We demonstrate that NISNet3D can accurately segment individual nuclei using five different types of microscopy volumes. The qualitative and quantitative evaluation results show that NISNet3D achieves promising results on nuclei instance segmentation with and without the use of manual ground truth annotations when compared to other approaches.
We summarize the contributions of this paper as follows:
We designed a fully convolutional neural network with residual concatenation and self-attention mechanism for nuclei instance segmentation for 3D volumes. We proposed new 3D markers for nuclei instance segmentation using 3D marker-controlled watershed.
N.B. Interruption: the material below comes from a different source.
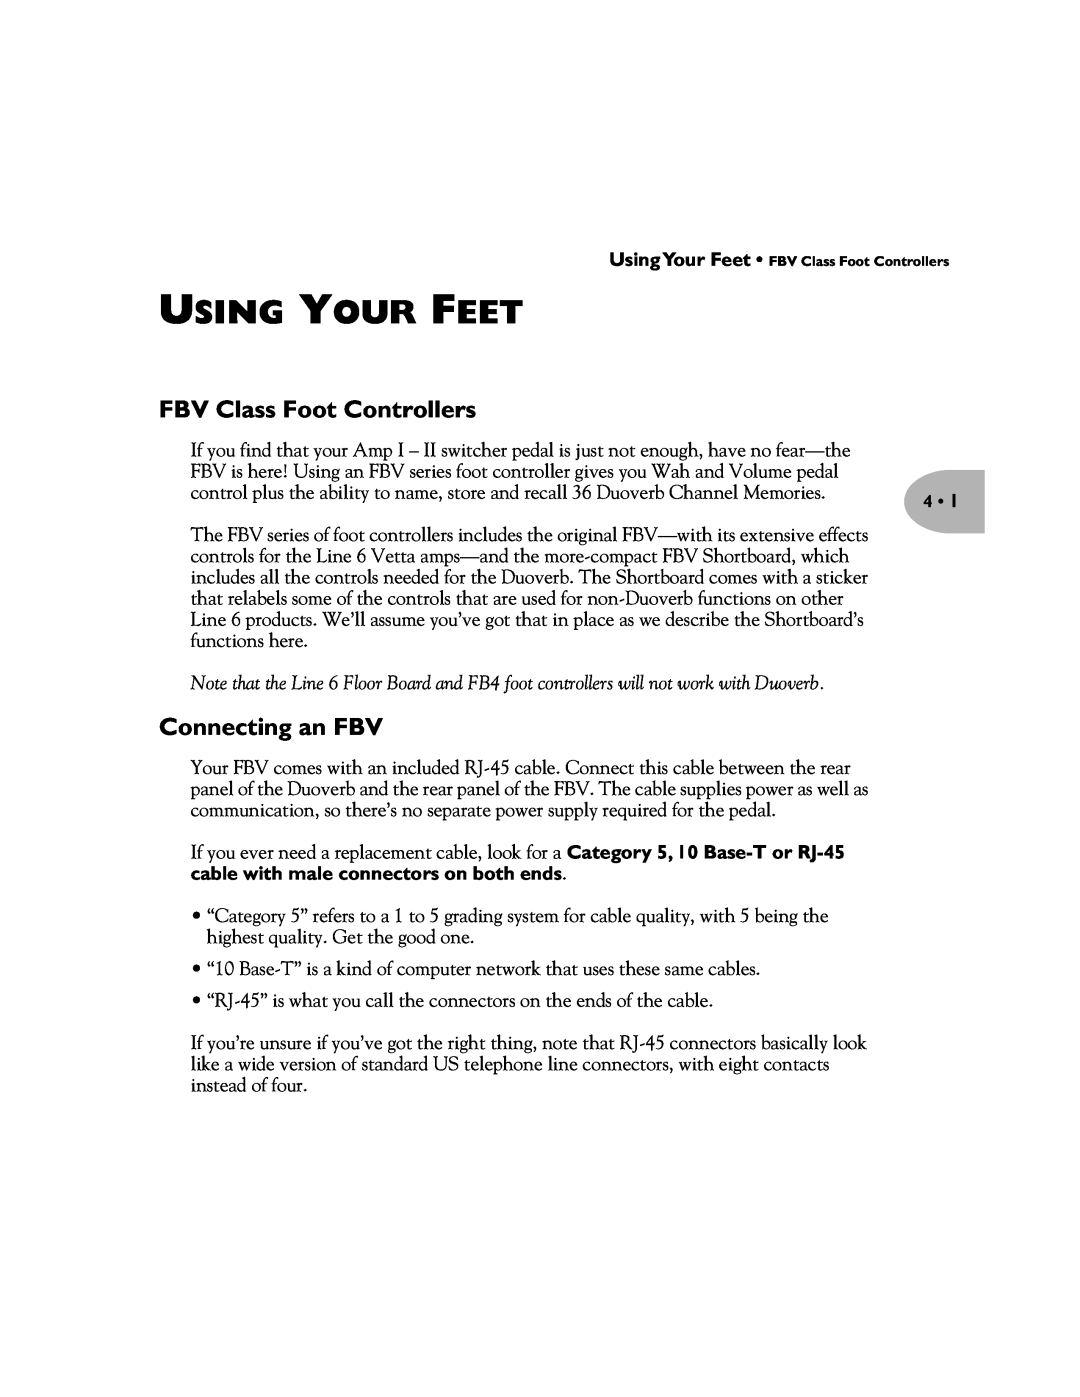 Line 6 Pilot's Handbook manual Using Your Feet, FBV Class Foot Controllers, Connecting an FBV

NISNet3D can use annotated volumes and/or synthetic microscopy volumes for training and can analyze large 3D microscopy volume using a divide- and-conquer inference strategy.
We present three error/difference visualization methods for visualizing segmentation errors in large 3D microscopy volumes without the need of ground truth annotations.
We conducted experiments on a variety of microscopy volumes using multiple evaluation metrics, and compared NISNet3D to other deep learning image segmentation methods to demonstrate the effectiveness of our approach.
2 PROPOSED METHOD
The block diagram of our proposed nuclei instance segmentation system is shown in Figure 1, which includes: (1) 3D microscopy image synthesis and annotated data, (2) NISNet3D training and inference, and (3) 3D nuclei instance segmentation.
2.1 Notation and Overview
In this paper, we denote I as a 3D image volume of size X × Y × Z voxels, and I(x,y,z) is a voxel having coordinate (x, y, z) in volume I. We will use superscripts to indicate the types of image volumes. For example, Iorig, Ibi and Isyn denote the original microscopy volumes, binary segmentation masks and synthetic microscopy volumes, respectively. Ilabel is the gray-scale label volume for Ibi where different nuclei are marked with unique pixel intensities. This is done to distinguish each nuclei instance. In addition, Itarget is a four-channel volume of size 4 × X × Y × Z, where the first three channels denote the 3D vector field volume Ivec that contains the nuclei shape and size information, and the last channel is the 3D binary masks Ibi. To represent the 3D nuclei centroid and boundary information in Ivec, each nuclei voxel denotes a 3D vector that points to its nearest nucleus centroid. The details of 3D vector field generation will be discussed in Section 2.3.1. Imask and Îvec are the output of NISNet3D where Imask is the 3D binary segmentation mask and Îvec is the estimated 3D vector field volume. Note that Îvec(x), Îvec(y), and Îvec(z) represent the x, y, and z channel of Îvec, respectively. Îvec is then decoded to generate the gradient volume IG where nuclei boundaries are highlighted. Imark is the high quality markers generated from IG. To separate touching nuclei, we use 3D marker-controlled watershed segmentation with the pairs of Imark and Imask, which will be discussed in Section 2.3.2. The post-processing includes small object removal and nuclei color coding for visualization. Iseg is the final color-coded segmentation volume. The overview of our proposed approach is shown in Figure 1.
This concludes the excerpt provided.